Mam w domu dwie doniczki Scinsapsusa Pectus i aż sprawdziłam, czy na pewno, bo mają malutkie listki, długie pnącza i długie odległości między liśćmi. Co robię nie tak? Roślina ma dużo światła jest w pobliżu okna północno-wschodniego.

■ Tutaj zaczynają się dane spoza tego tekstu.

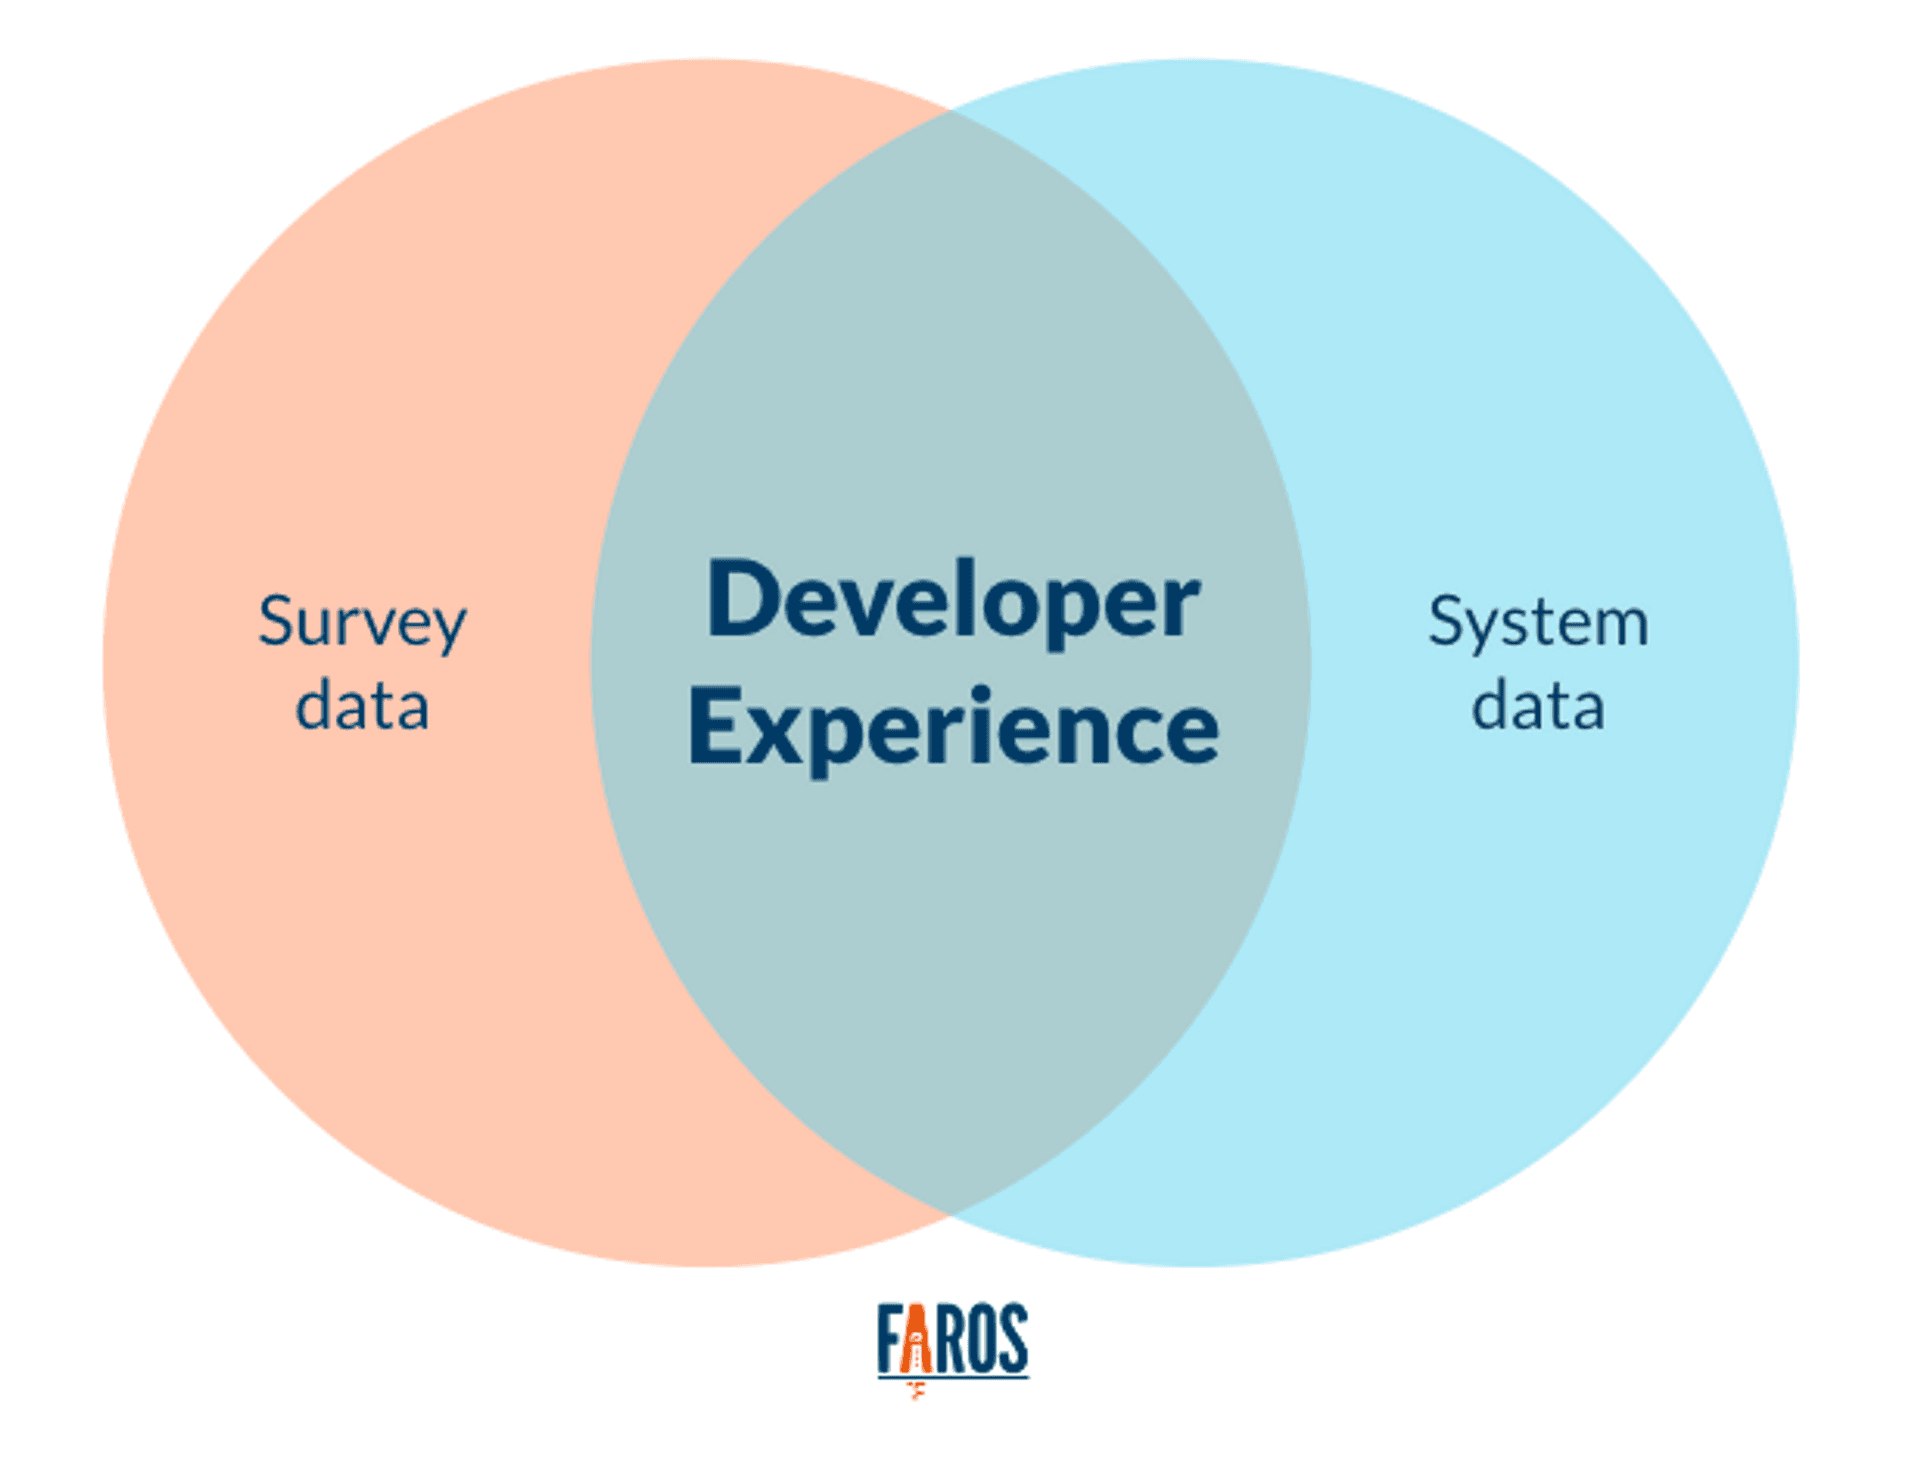 A venn diagram from Faros AI: Survey Ddata and System Data overlap, creating an overlapping section titled Developer Experience. 
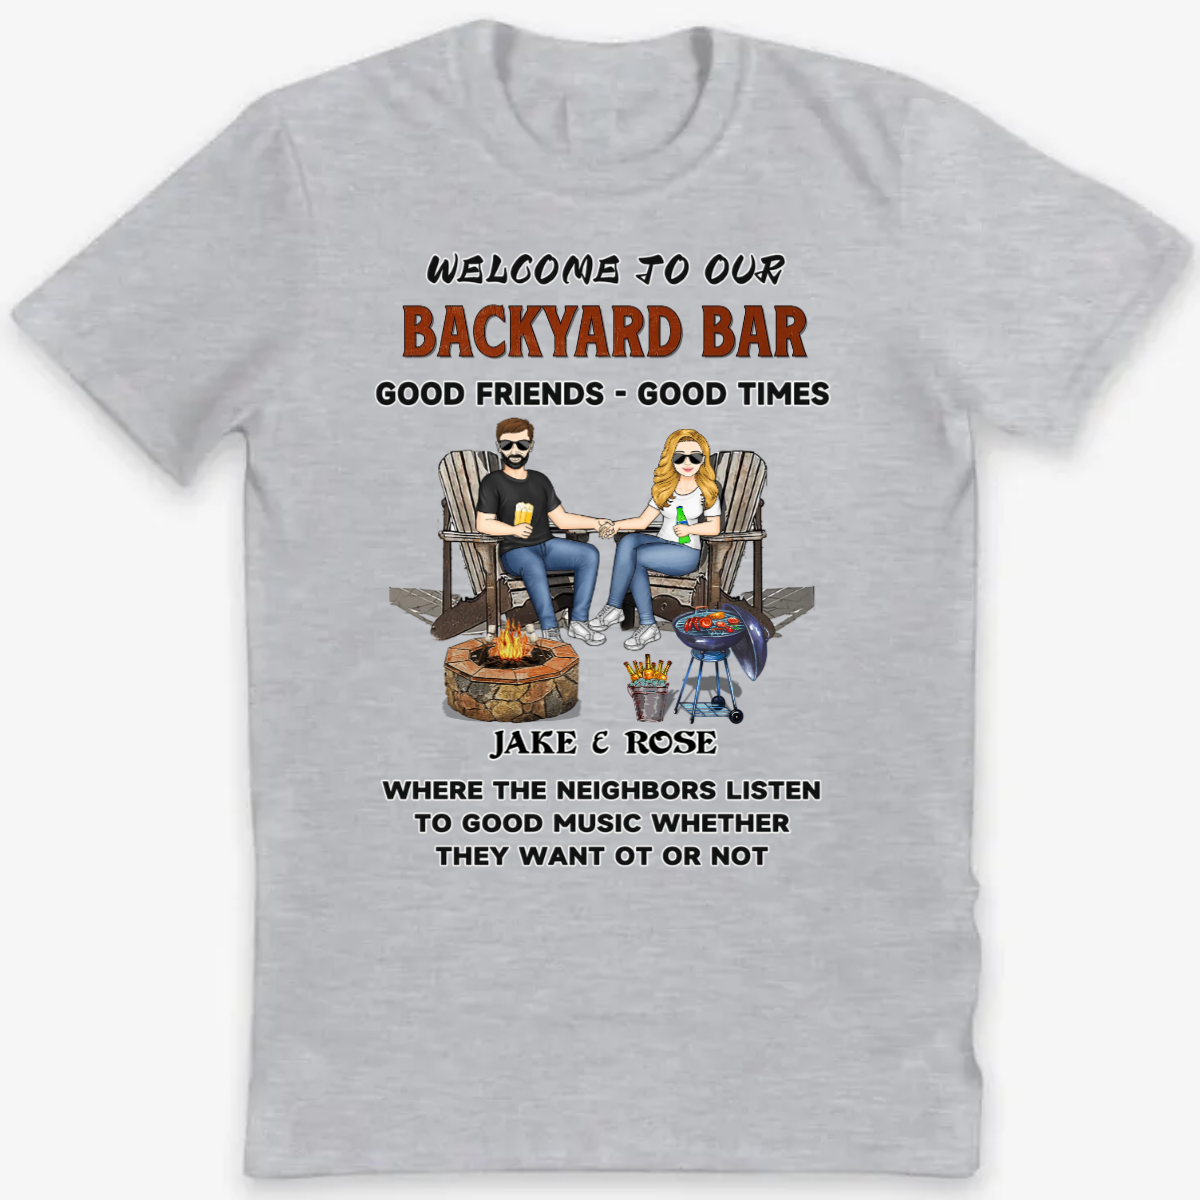 Patio Grilling Family Couple Listen To The Good Music - Personalized Classic Tee

Moje hoje mają już 100 lat i nigdy nie mialy wełnowcow ;) ciąle im przycinam pędy bo mi wychodzą z okna i łażą po calym pokoju. Natomiast filodendron Birkin stoi jak zaklęty nie pomaga mu nic, ani nowe podłoże, ani więcej/mniej światła ani ograniczanie ani zwiększanie podlewania. Mąż twierdzi źe nawozu rośliny potrzebują, ale takie małe? w świeżym podłożu od razu nawozić? Ostatnio mamy fazę na trzykrotki, ktore zimą ledwo zipią a na wiosnę z nowych sadzonek szaleją. A co bym zabrała może nie z pożaru ale tak po prostu np przy przeprowadzce ano mam taką roślinkę przywleczoną ze studiów , nazywamy ją imbirkiem ale rośnie jakby bardziej obficie niż pęd z kłącza imbiru, ladnie rozrasta się w ciasnej doniczce i pachnie pieprzowo cytrynowo przy dotknięciu liści. Trwa już dłużej niż nasze małżenstwo więc powinna nadal nam towarzyszyć myślę … 💚
Nie wiem skąd opinia, że aglaonemy to łatwe w uprawie rośliny.. Zabiłam już dwie czerwone, pozostałe stoją w miejscu i w ogóle nie rosną ( może oprócz silver bay, która od zakupu wypuściła trzy liście). Już o wiele lepiej idzie mi z alokazjami i calatheami, które są uważane za dość trudne.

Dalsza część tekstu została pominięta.